» COLLECTED DATA:
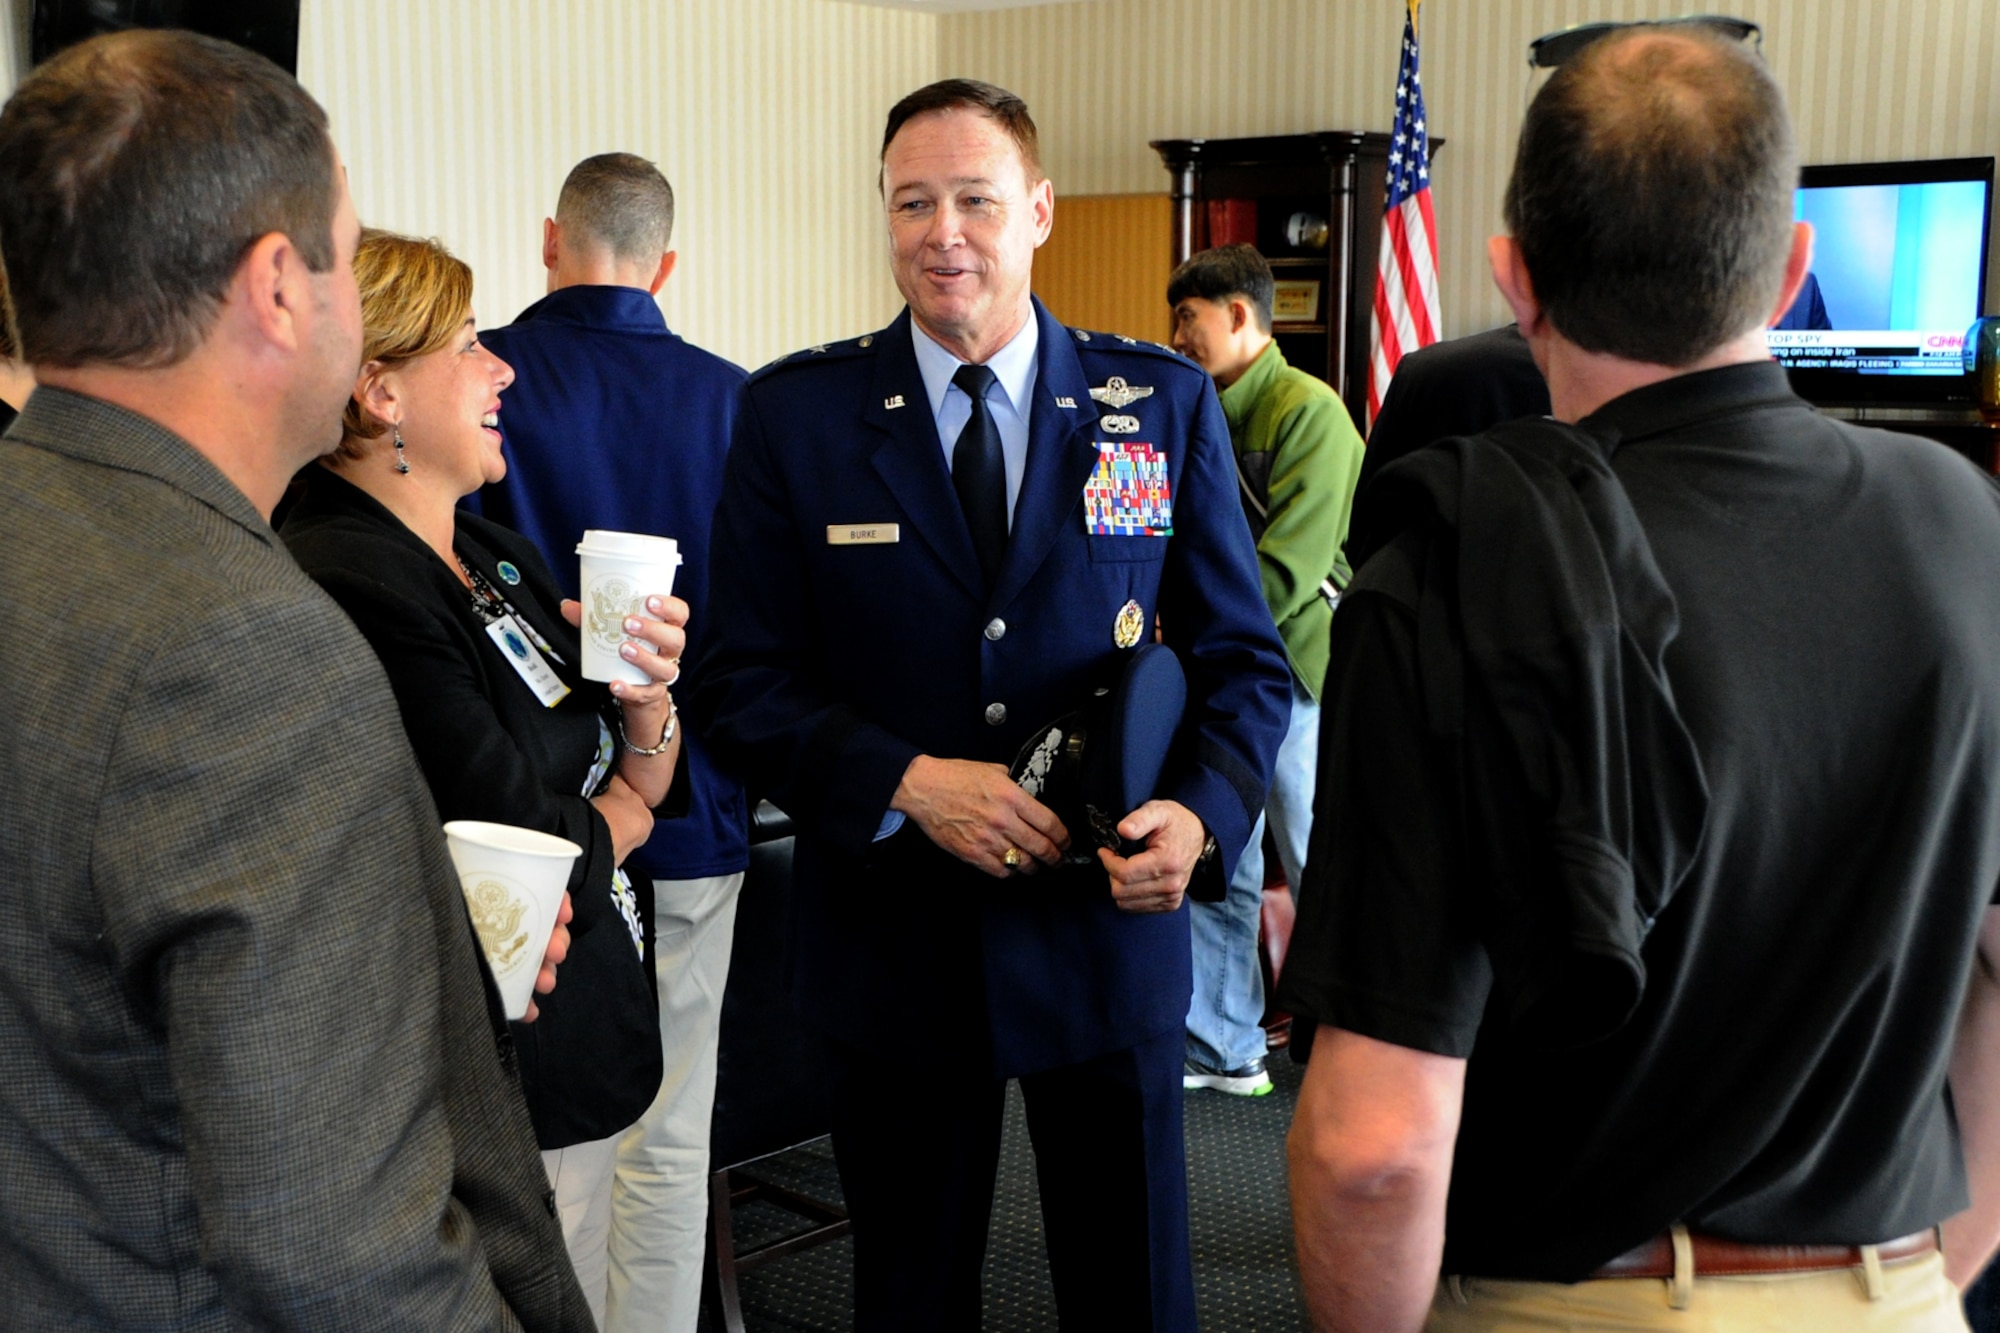 Air Force District of Washington Commander Maj. Gen. Darryl Burke greets Air Force leaders from the Pacific region on Joint Base Andrews, Md., Sep. 13. The leaders are visiting as part of the Pacific Air Chiefs’ Symposium, one of the Air Force's multilateral engagement opportunities used to build relationships with Pacific countries and to enhance theater security cooperation. The Air Force District of Washington brings air, space and cyberspace capabilities to the joint team protecting the nation's capital, and supports local personnel and those serving worldwide. (U.S. Air Force photo/Staff Sgt. Matt Davis)
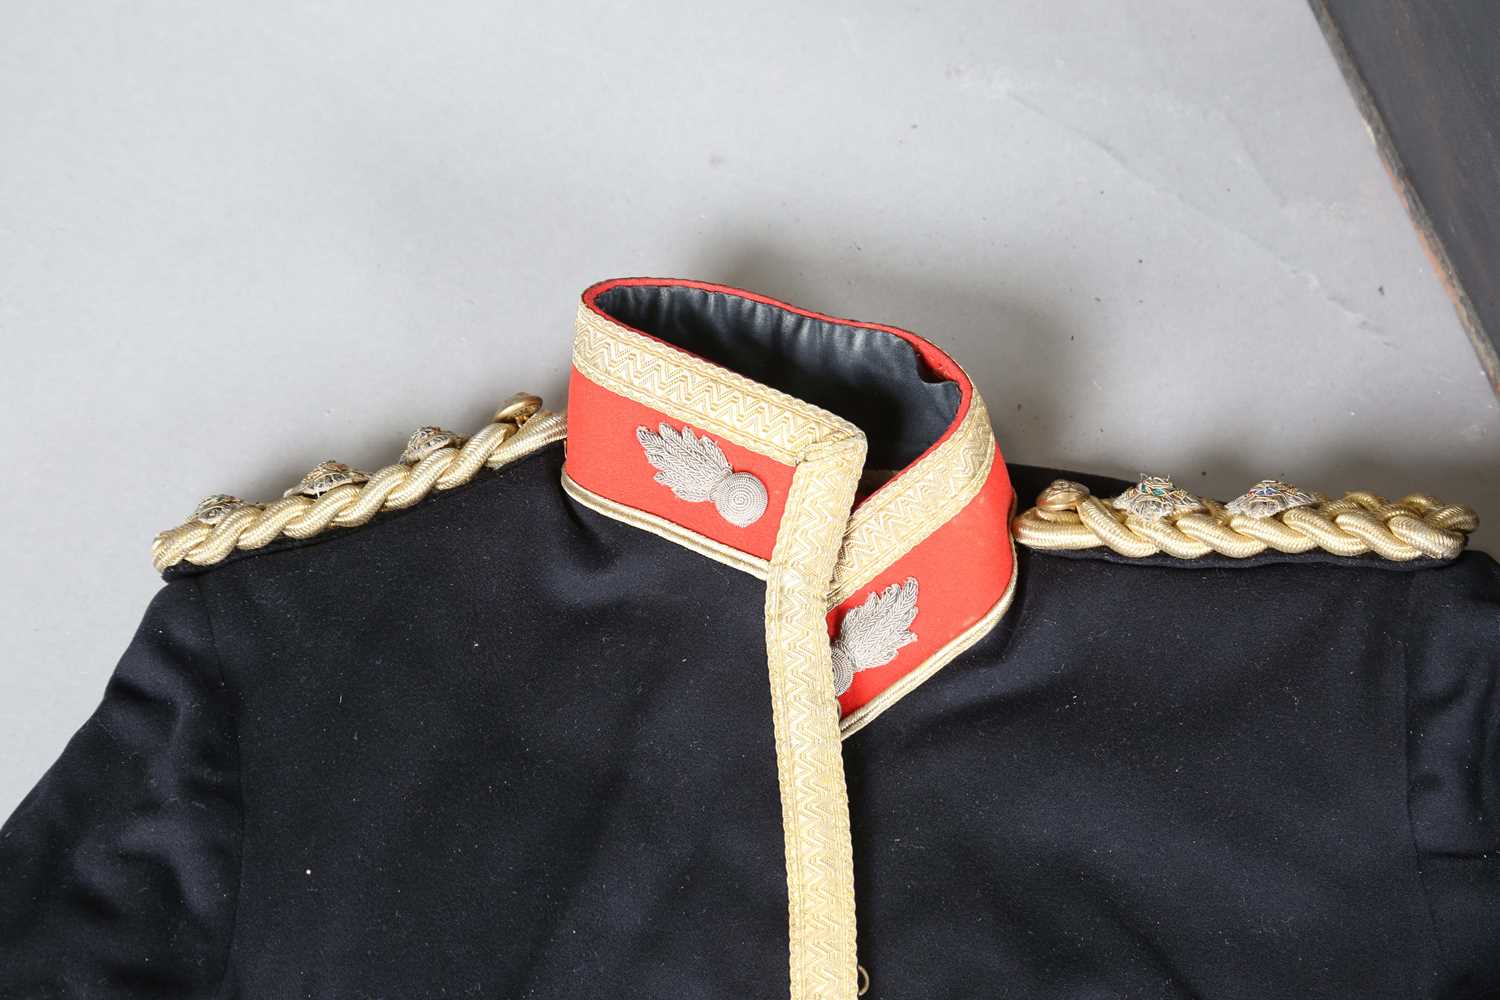 A late Victorian Royal Artillery officer's dress uniform, comprising two jackets, waistcoat, - Image 4 of 8
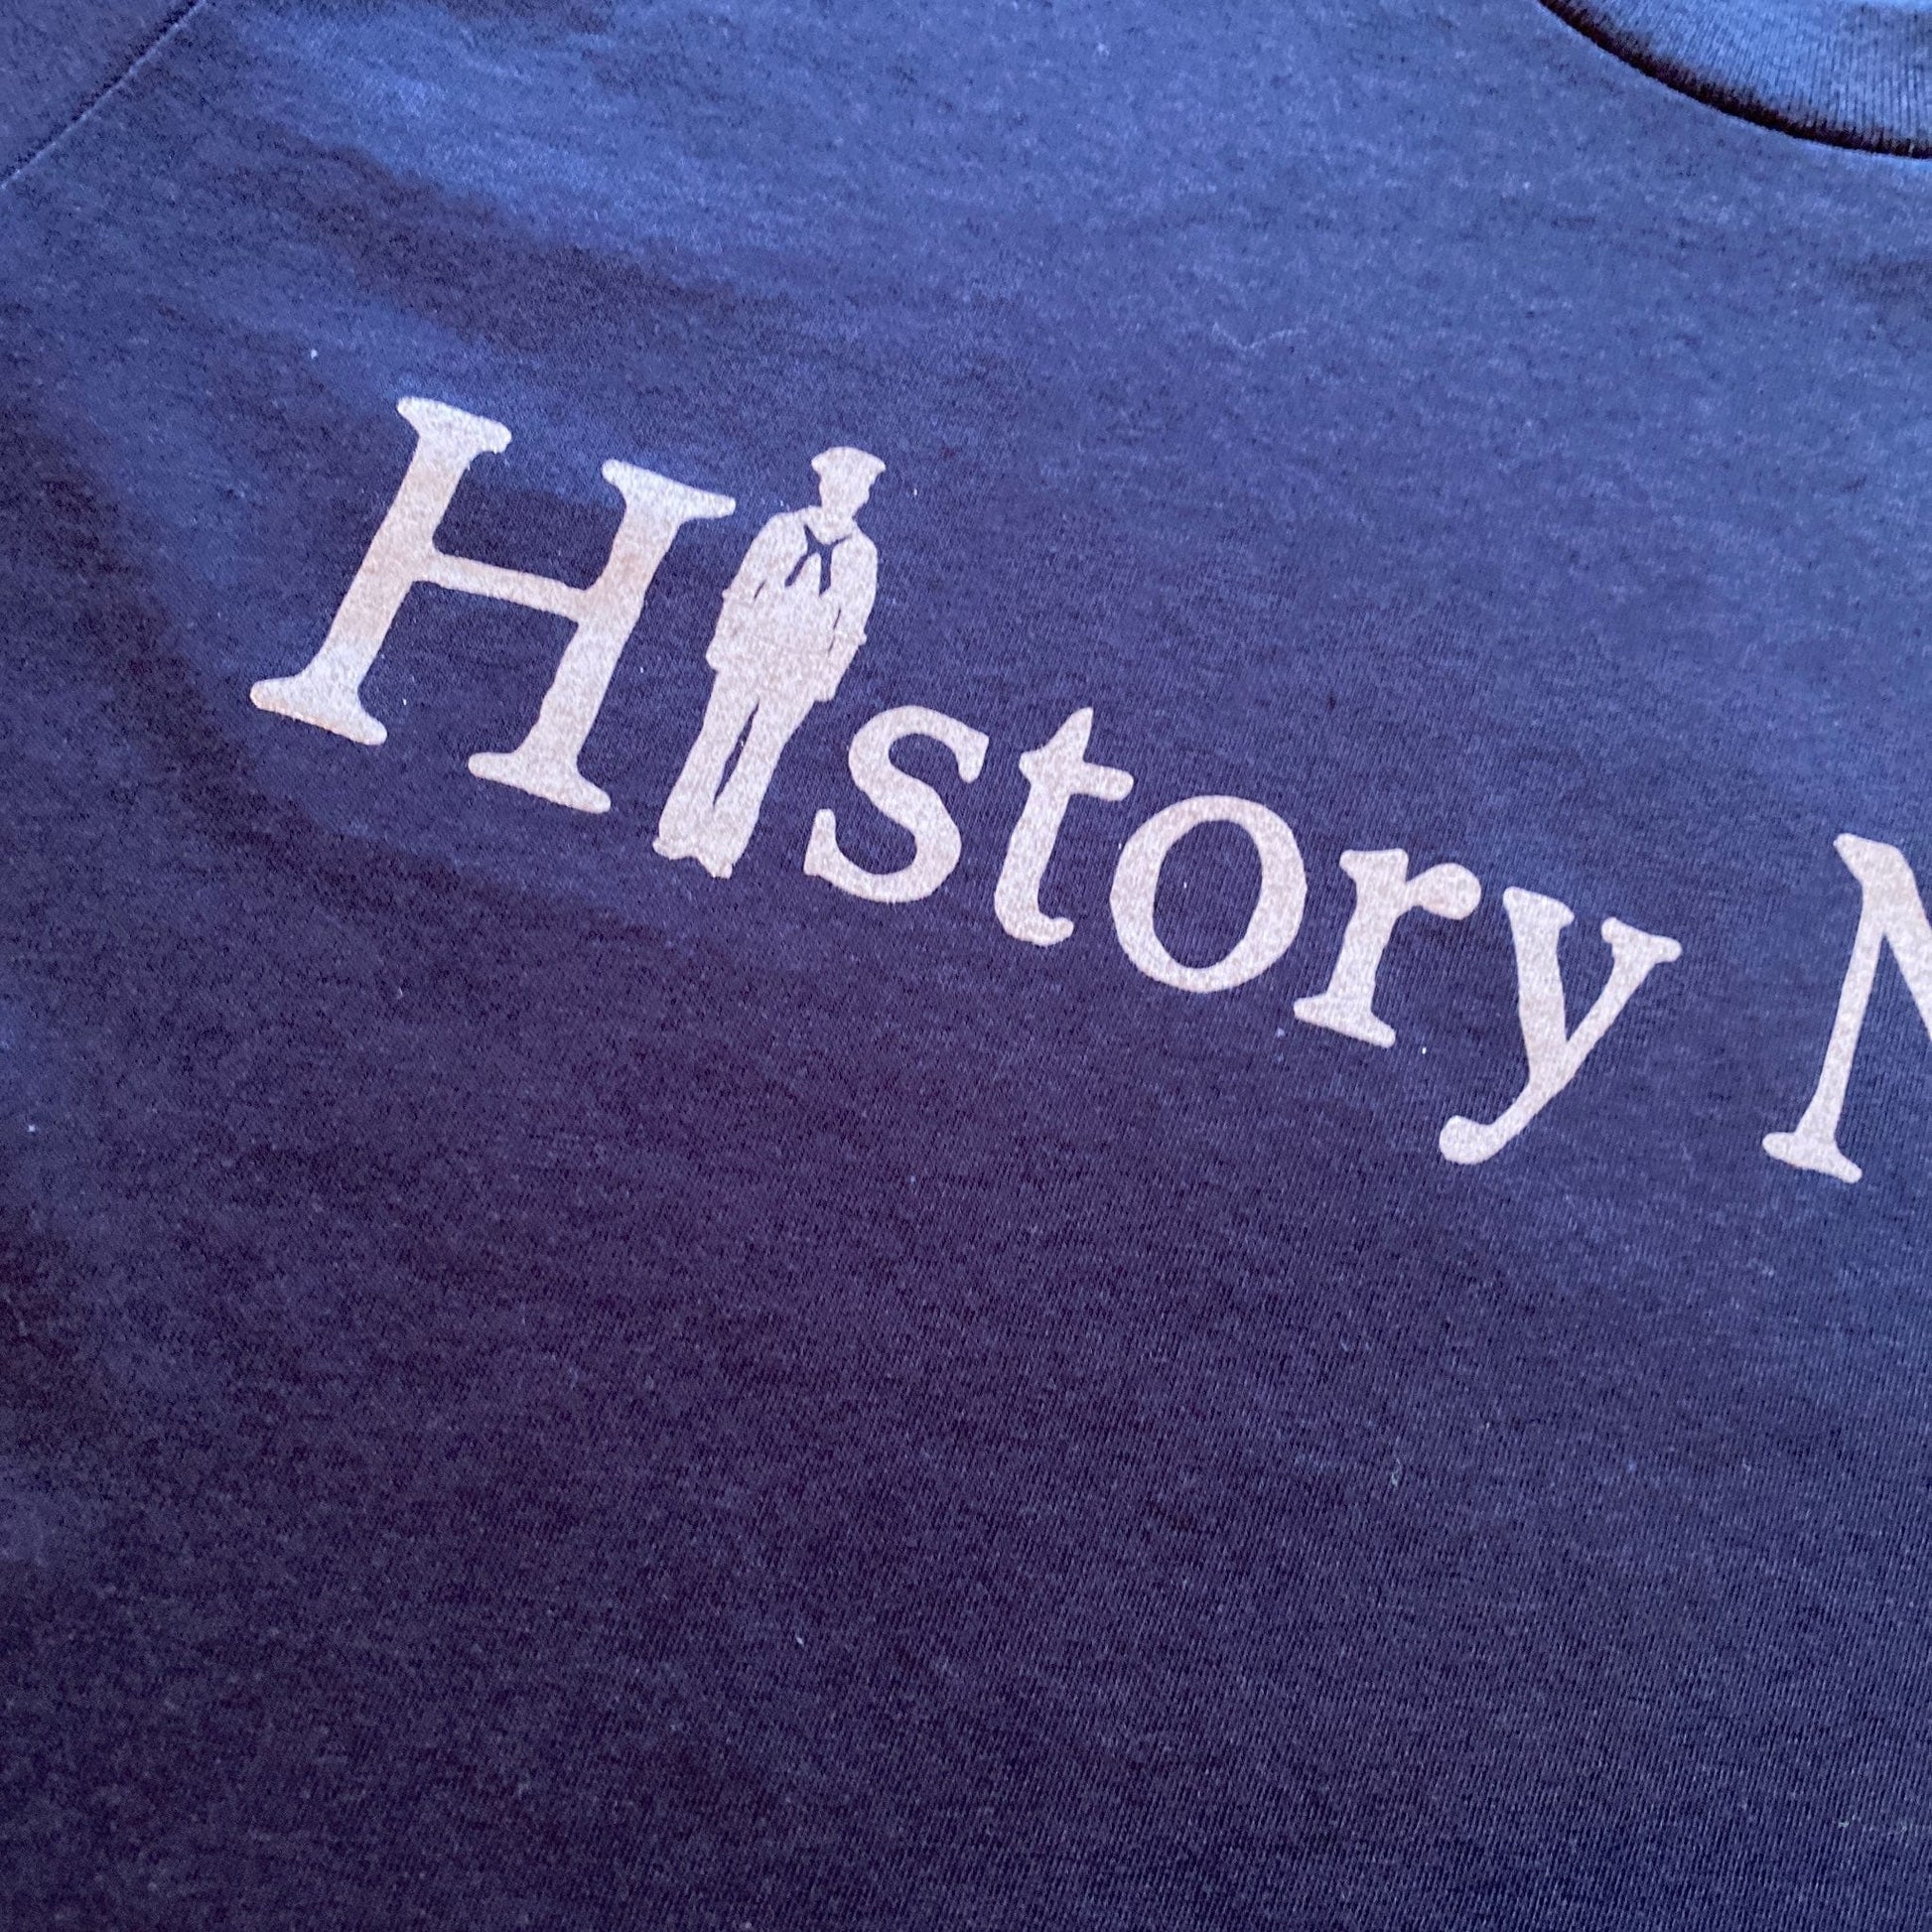 Front Close-up “History Nerd” Pearl Harbor shirt with WWII sailor and historic flag from the History List Store

» WORK INSTRUCTION:
To answer, repeat exactly the lines from the line containing "A late Victorian" through the last line of the data above, leaving out all pictures.

» RESPONSE:
 A late Victorian Royal Artillery officer's dress uniform, comprising two jackets, waistcoat, - Image 4 of 8
 Front Close-up “History Nerd” Pearl Harbor shirt with WWII sailor and historic flag from the History List Store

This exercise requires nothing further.